Dün ve bugün kuzenim uğradı, "Eve sığamıyorum Strobe" diye, dedim "Dışarı çıkacak ne dermanım var ne isteğim, gel oturalım"... Öylece oturduk, yangını konuştuk, kafa dağıtmaya çalıştık. Biliyorsun, Alanya-Gündoğmuş yangını için eşim gönüllü gitti ki "Gidebilsem ben de durmaz giderdim, git" dedim yolladım, babasının kasalı aracını aldı gitti. Şartlar müsaade etseydi, ben de giderdim.
Anlatmak istemedi eşim daha kötü olmayayım diye ama zorladım "Anlat, noldu, ne olacak?!" diye, anlattırdım; basında sansür yiyor, biliyorsun sen de gönüllü katıldın Lya.
Geri çekilmek zorunda kalıyorlar rüzgar hız kesmiyor. Gündoğmuş merkeze kadar indi yangın, Alanya Güzelbağ tekrar alevlendi, bir günde iki köy daha tahliye edildi. O gece dört buçukta eve girdi. Arkadaşları da oradaydı gönüllüler arasında. Eşime sosyal medyadan okumama sözü verdiğim için mümkün mertebe instagram ve face'e girmedim.
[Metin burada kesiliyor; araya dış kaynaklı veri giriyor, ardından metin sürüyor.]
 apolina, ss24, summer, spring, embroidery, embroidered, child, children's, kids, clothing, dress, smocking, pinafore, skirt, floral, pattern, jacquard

Kuzum Lya, bakma, tek tavsiyem bu; baktıkça, okudukça da siniri bozulur insanın. İlk 5 gün yangınlara dair aralıksız okudum-izledim-dinledim ve gittikçe kötü oldum, aynı şekilde yanı başları yanarken gardenlarda beachlerde story paylaşanları da gördüm öfkelendim, ne diyebilirim? Şimdi bakmıyorum, yoksa ruh sağlığımı korumakta zorlanacağım.
Sen de bakma lütfen kuzum, kafanı dağıt sevdiğin arkadaşlarınla sohbet et, benim gibi township oyna kafanı başka yerlere vermeye çalış. Önünde sonunda dinecek, bitecek, geçecek bu günler.